April 12 2023
EAY191-N2 (ComboMATCH): Phase II Trial of Fulvestrant and Binimetinib in Patients with Hormone Receptor-Positive Metastatic Breast Cancer with a Frameshift or Nonsense Mutation or Genomic Deletion in NF1
The EAY191-N2 clinical study, part of the ComboMATCH precision medicine initiative, is open for patients who have hormone receptor-positive (HR+) breast cancer with NF1 Nonsense or Frameshift mutation. Patients will be enrolled into two different cohorts. Cohort 1 is testing the combination of fulvestrant and binimetinib in HR+ patients who have never received fulvestrant (fulvestrant-naïve).

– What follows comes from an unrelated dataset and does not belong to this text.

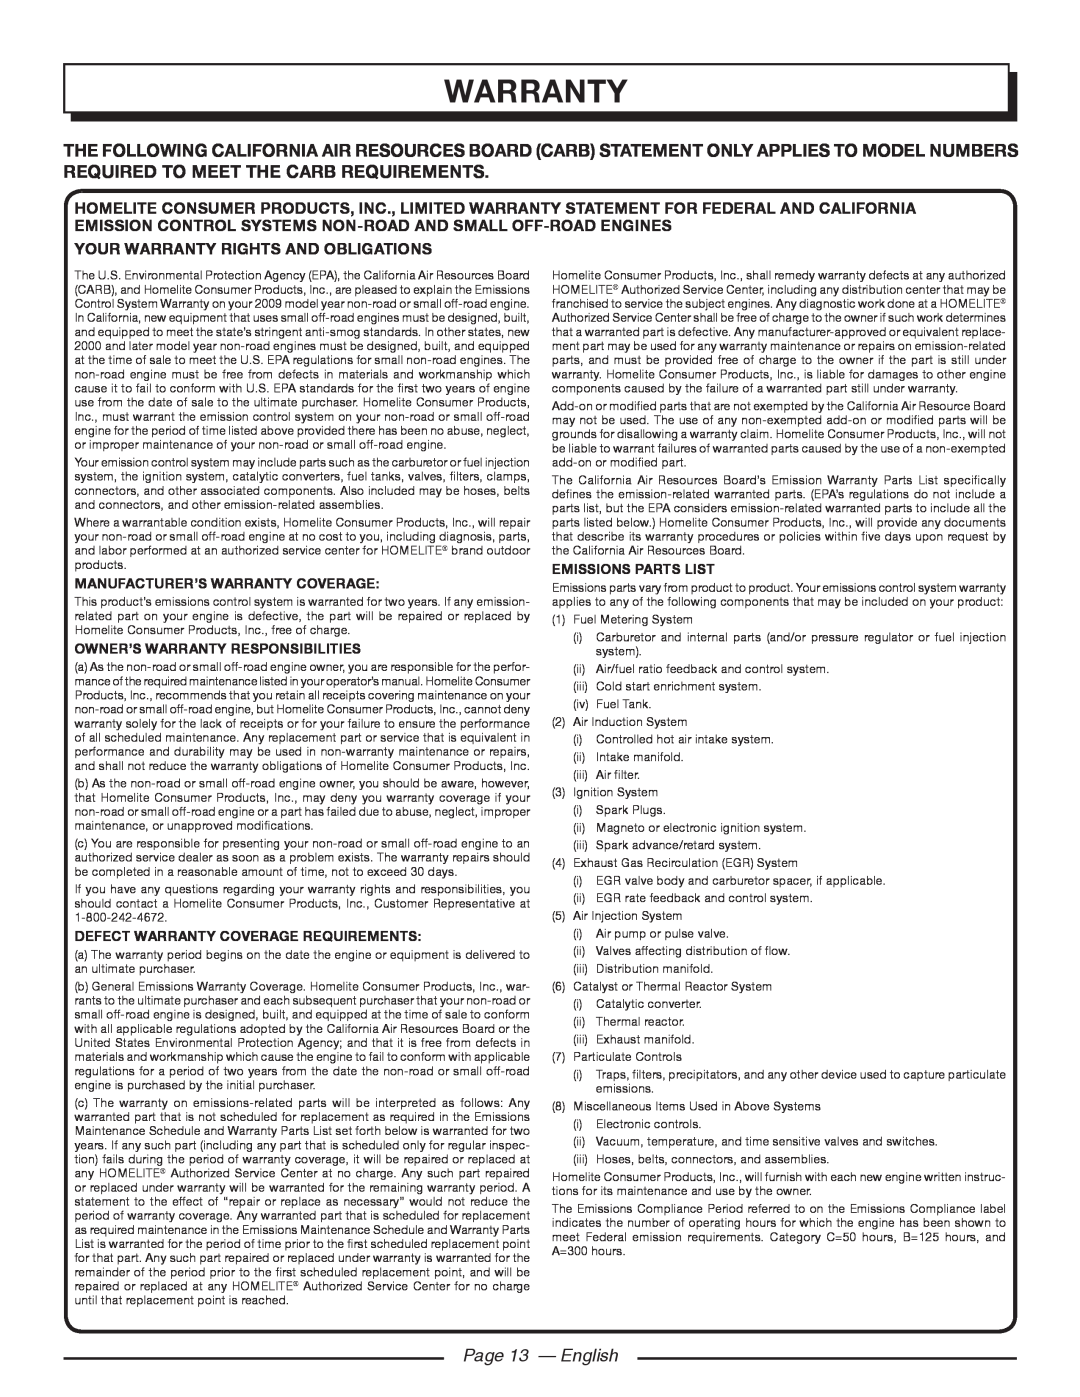 Homelite UT21006 Page 13 - English, Manufacturer’S Warranty Coverage, Owner’S Warranty Responsibilities 
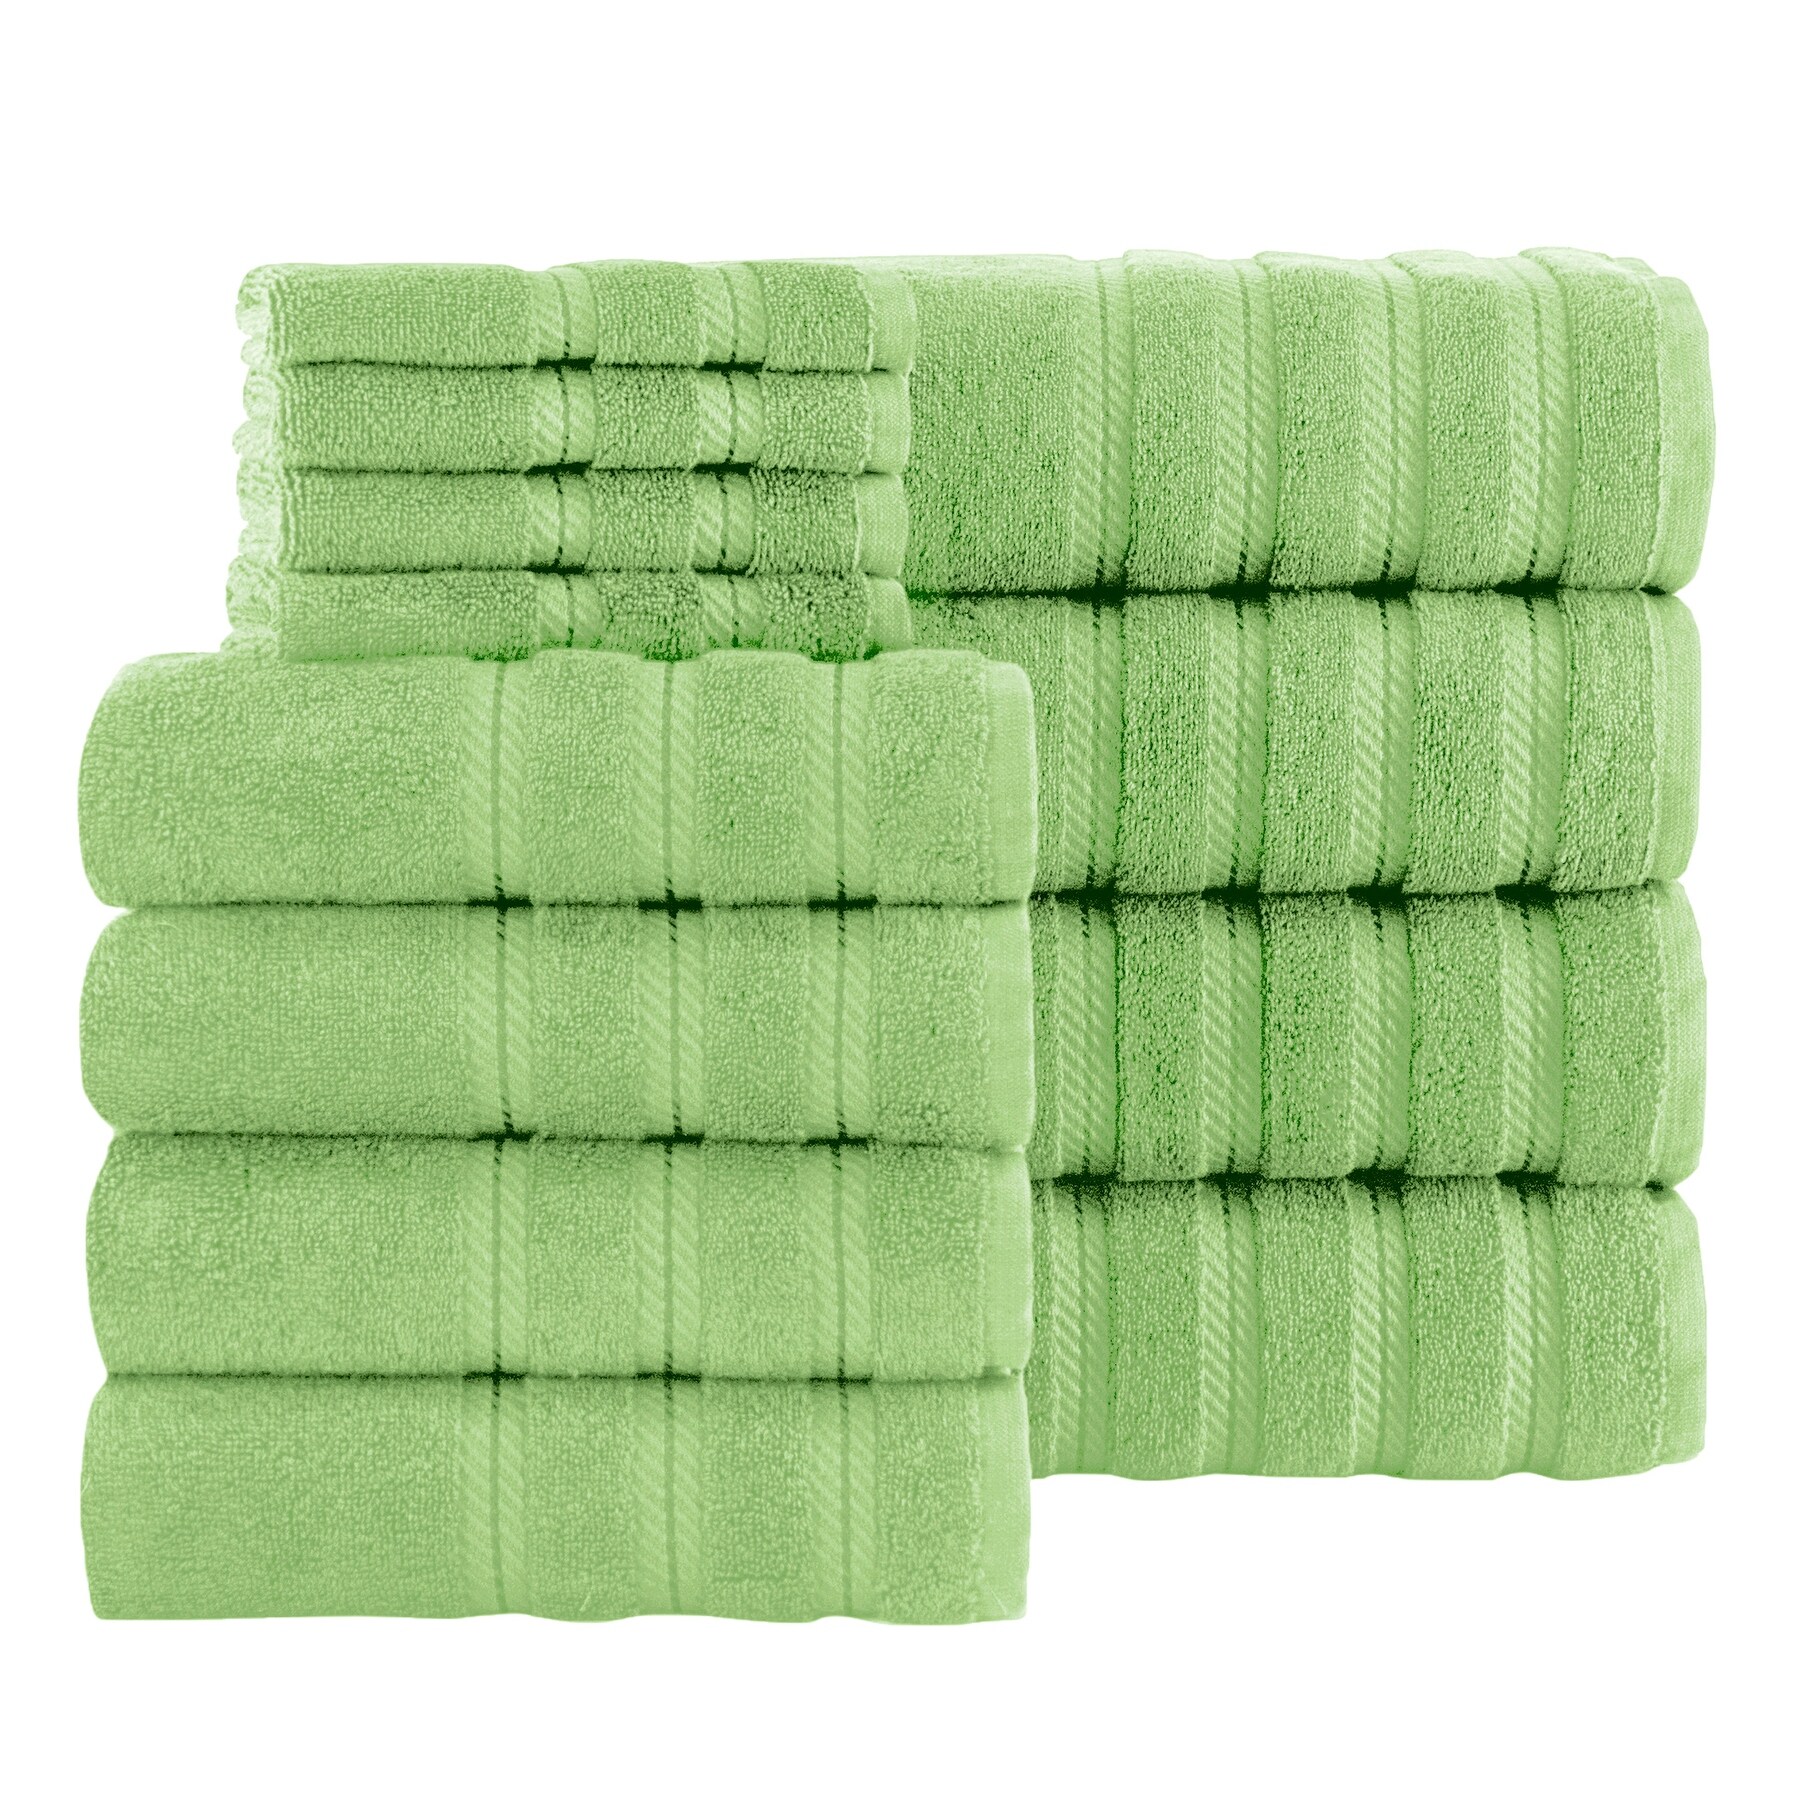 https://ak1.ostkcdn.com/images/products/is/images/direct/f02ca75f36cdee4302cab871f43be49852ea8208/Antalya-Collection-Turkish-Cotton-Bathroom-Towel-Set---Hotel-Collection-Towel-Set-%28Set-of-12%29.jpg

Cohort 2 is assessing the addition of binimetinib to fulvestrant for patients who have previously received fulvestrant (fulvestrant-exposed) and their disease progressed.
“NF1 mutations are rare in primary estrogen receptor-positive (ER+) breast cancer, however, rates NF1 mutation frequency is much higher in patients with metastatic ER+ breast cancer. The agent fulvestrant has exhibited initial efficacy in NF1 lost ER+ breast cancer, however, typically results in eventual resistance from the activation of the Ras-Raf-MEK-ERK pathway, which can be blocked by addition of binimetinib,” stated Bora Lim, MD, of the Baylor College of Medicine and the Principal Investigator of the EAY191-N2 trial.
“EAY191-N2 hopes that adding the MEK inhibitor, binimetinib, to fulvestrant can help improve progression-free survival for patients who are fulvestrant-naïve, and can improve the overall response rate for patients that are previously fulvestrant-exposed,” added Roisin O’Cearbhaill, MD, of the Memorial Sloan Kettering Cancer Center, the NRG Oncology Developmental Therapeutics Committee Chair, and Co-Principal Investigator of the EAY191-N2 trial.
In addition to the primary objectives of improving progression free survival (Cohort 1) and comparing overall response rates (Cohort 2), EAY191-N2 also includes the secondary objectives of clinical benefit rate, safety and toxicity, and overall survival in both cohorts. Exploratory biomarker objective include the analysis of the cfDNA and RNAseq at progression, the detection of novel biomarkers, loss of NF1, and the variant allele frequency of mutant NF1.
This clinical trial is currently active and accruing patients. For individuals interested in joining this trial, the first step is to enroll in the ComboMATCH Patient Registration Trial (EAY191) through their oncologist.
Protocol documents and materials are located on the CTSU website.